Lestat de Lioncourt
No siento aprecio por nada. Observo los
escaparates y veo muñecas, muñecas muy similares a mí, y las
aborrezco. Detesto mis hermosas botas de charol, los caros trajes
llenos de encajes y los refinados tocados de lazos perfectos. Odio
contemplarme al espejo con mis encantadores rizos dorados, los cuales
adornan de manera excesiva mi dulce cara de niña. En mis ojos no hay
inocencia, sólo el vacío de cualquier ilusión. He perdido la
esperanza.
La poesía antes me alimentaba,
resultaba un bálsamo para mis heridas y me mantenía despejada.
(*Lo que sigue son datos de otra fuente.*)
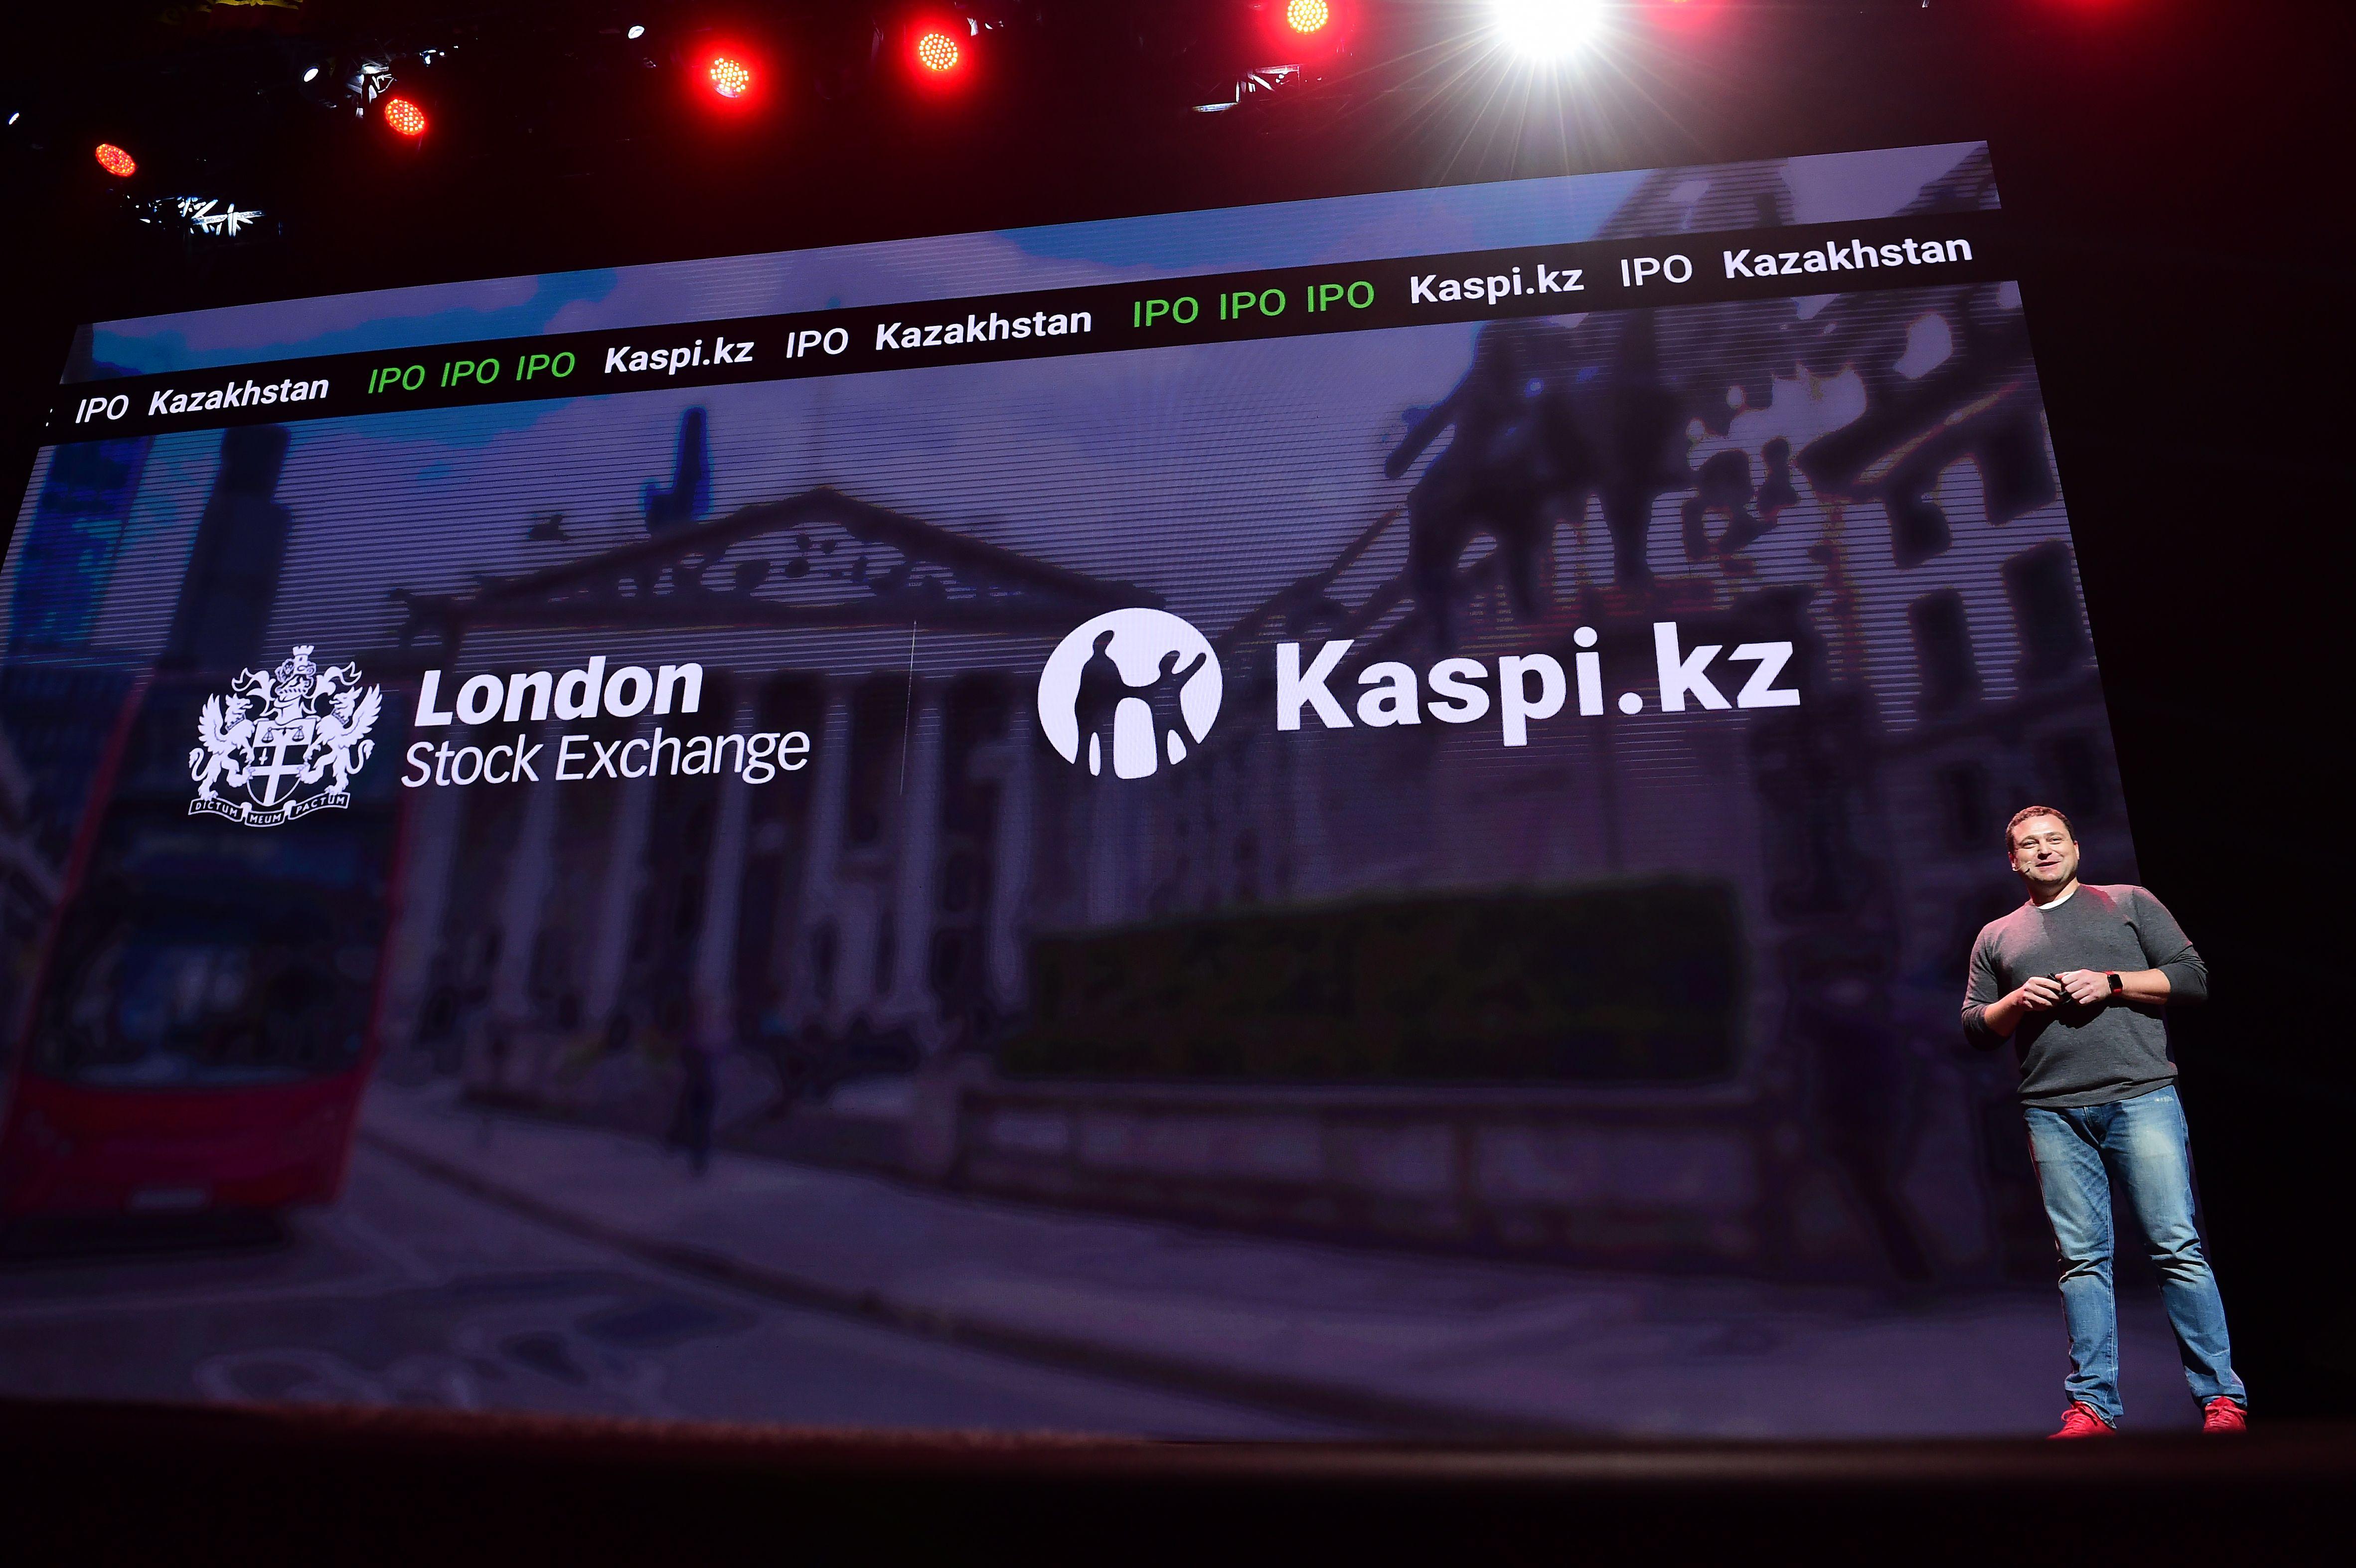 Компания Kaspi.kz объявила об успешном проведении IPO - Kapital.kz

Ahora parece que la locura me lleva y me irrita. Me ahogo en mis
propias desdichas y sonrío, pues todos desean a una perfecta muñeca
a la cual besar, adular y agasajar con sus mejores obsequios. No me
interesan los libros, ni las muñecas y tampoco las bonitas cintas
que pueden colocar en mis cabellos. Tengo otros intereses mucho más
adultos. Necesito comprender el mundo desde otra perspectiva, pero no
puedo. Ellos me lo impiden.
Suelo observarlos. Me coloco en el
balcón y los contemplo caminando por la calle. Van a la ópera, al
teatro, a caminar sin más por el barrio luciendo sus mejores
vestimentas y sonríen a las damas que suspiran por ellos. Ellos, mis
padres. Todos mueren por querer estar a su lado, para luego irse al
otro mundo con una tonta sonrisa en sus labios. Louis es más
sencillo, su mente es manipulable, pero Lestat no lo es. Lestat posee
una privilegiada mente para el mal, sin embargo está borracho de
felicidad.
Yo soy una arpía. Reconozco que soy un
monstruo. Deseo agarrarlos a ambos y decapitarlos como a muchas de
mis muñecas. Pero el rencor, la ira, el dolor, el saber que siempre
seré así hace que no me baste eso. Quiero verlos sufrir. Necesito
que sufran.
Soy mala, lo sé, pero las niñas malas
también suelen ser mujeres perversas, instruidas e inteligentes.